By Mike Ulmer
It’s all a misunderstanding, this thing between Baltimore pitcher Scott Erickson and his girlfriend, Lisa Ortiz.
Yes, Erickson did physically throw Ortez out of his apartment but “nothing happened,” he said yesterday.
“It was pretty much a situation where they (police) had to do something and it just got blown out of proportion. No harm done.”
Baltimore police demur. Something about their claim that he threw her onto the floor of an elevator.
Scott Erickson is wrong. There is plenty of harm done.
The treatment of women by athletes is the biggest epidemic troubling professional sports.

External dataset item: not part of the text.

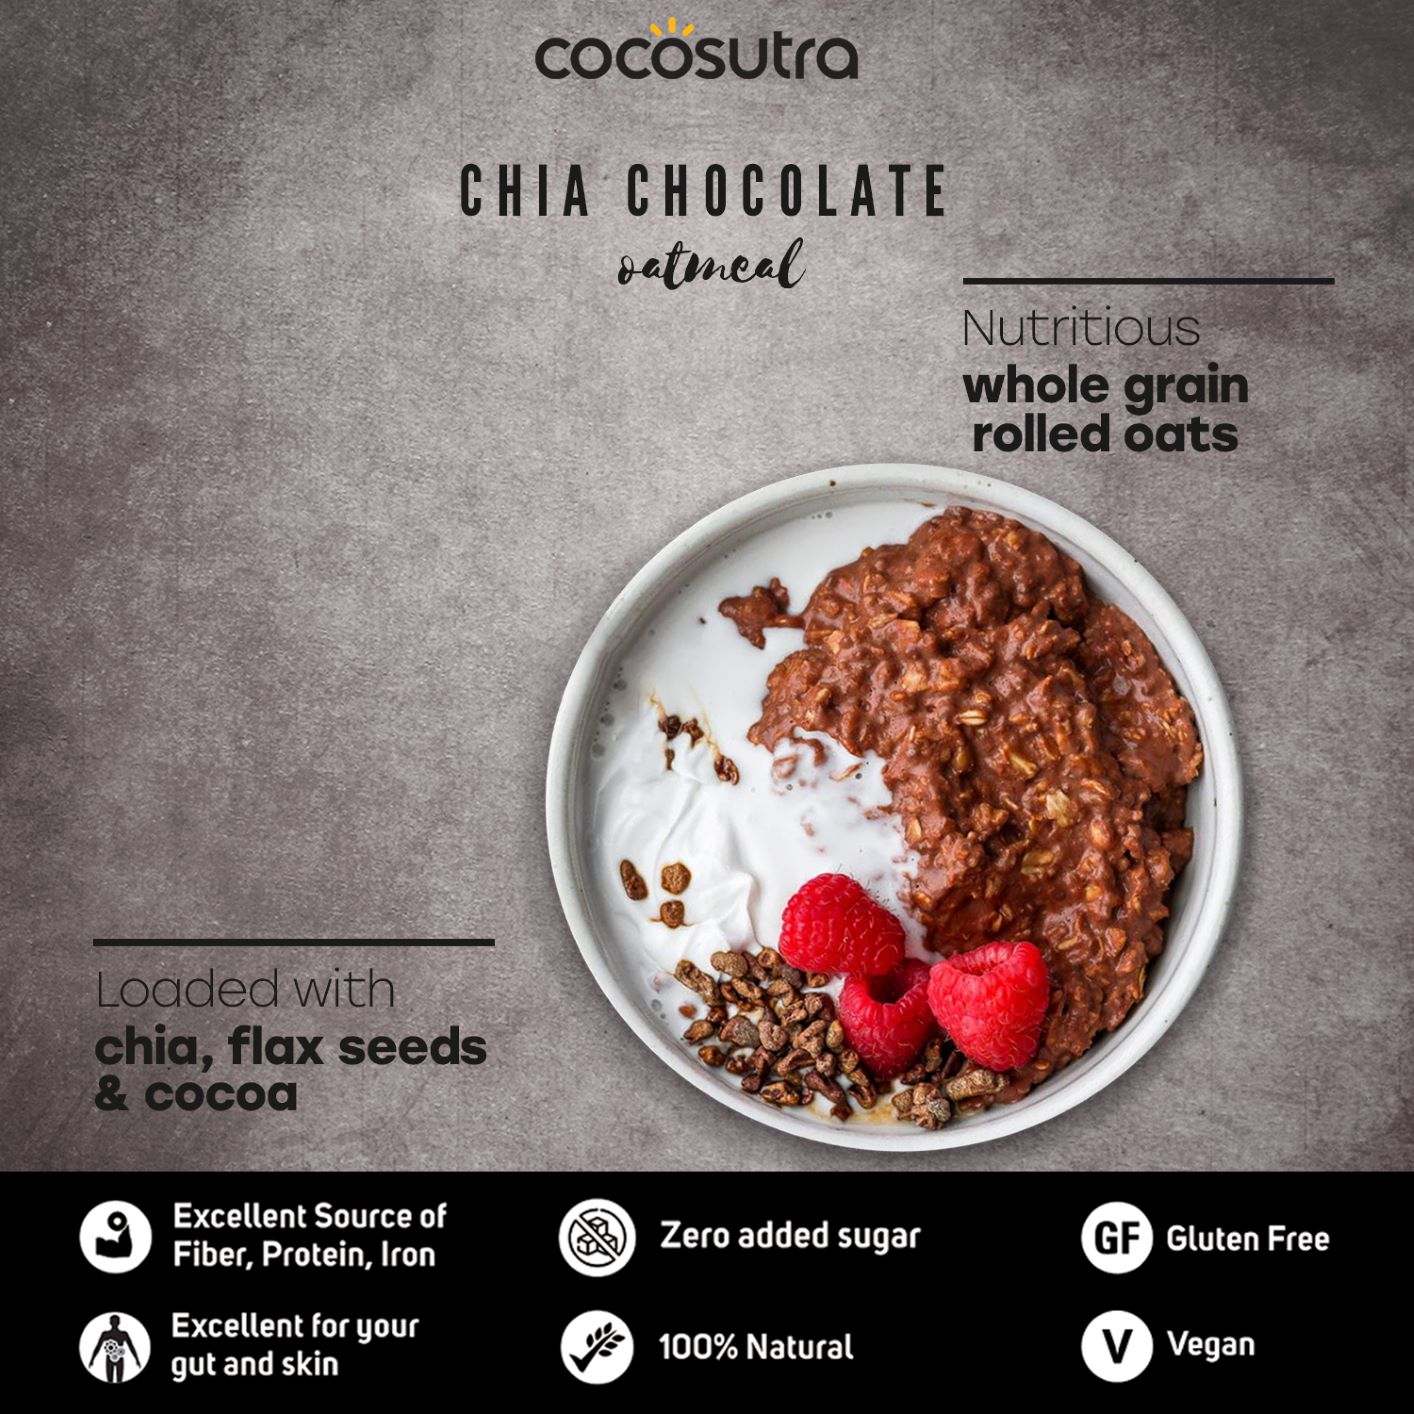 Chia Chocolate Oatmeal Benefits

Worse than drugs. Worse than gambling. Worse than steroids.
You can make an argument that drug abuse and gambling are victimless crimes, or at least, that harm is limited to the athlete himself. Not so for violence against women.
For all the macho postering favoured by the athletics industry, one central truth has been obscured.
Men who hit women are cowards.
But somewhere, in the hail of misogynist rap music and “thrillers” in which women are randomly terrorized, we have been stripped of sensibility.
It’s time to get it back. And what better way than to come down — hard — on the figures whose every move is aped by impressionable young boys.
If indeed it is established that Allen Iverson physically threw his wife, Tawanna, out the front door of their home and then went searching for her with a gun, NBA commissioner David Stern has a conundrum far greater than the minor skirmish that surrounded claims of Michael Jordan’s gambling.
Stern has the power to suspend Iverson. He has the same option in dealing with Glenn Robinson of the Milwaukee Bucks, who was arrested after what police say was a violent confrontation with an ex-girlfriend.
Heavy suspensions are long past due.
Same deal with Erickson.
Professional sports has a shameful sliding scale of offences for the people who play for pay.
A book on the criminal lives of NFL players estimated that 21% of NFL players have been arrested. Not convicted, just arrested. Much of that damage has been inflicted on women.
NFL players, of course, set a new standard for the brutality of women thanks to Rae Carruth’s orchestrated murder of his pregnant girlfriend.
Among the NFL players accused of assaulting wives and girlfriends over the past decade: Harvey Martin (Dallas), Carwell Gardner (Buffalo), Mark Gastineau (New York Jets), Patrick Bates, (Atlanta), Erik Williams (Dallas), Andre Rison (Atlanta), Rod Smith (Denver) and Warren Moon (Minnesota), Likewise, baseball is well stocked thanks to Darryl Strawberry (Mets and Yankees), Pedro Astacio (Colorado), Wil Cordero (Boston), Jose Canseco (Oakland), Jose Mesa (Cleveland) and Armando Benitez (Mets).
Among those NBA players accused of beating women: Michael Cooper (Los Angeles Lakers), Roy Tarpley (Dallas), Olden Polynice (Detroit), Marcus Webb (Detroit), Leon Smith (Dallas) and Alvin Robertson (Toronto, among others).
Hockey has not been spared high profile cases. Patrick Roy drew headlines last year when police were called after a heated argument with his wife.
Prosecutors declined to charge then-Windsor Spitfires defenceman Ed Jovanovski after a sexual assault complaint in 1995.
Five years ago, Dallas Stars’ Todd Harvey and Grant Marshall had their sexual assault charges dropped.
In 1997, Sean and Leslie Burke agreed to family counselling after Burke pleaded guilty to misdemeanor assault.
Now, David Stern has a chance to strike a blow for common sense. Let’s hope he carries the ball.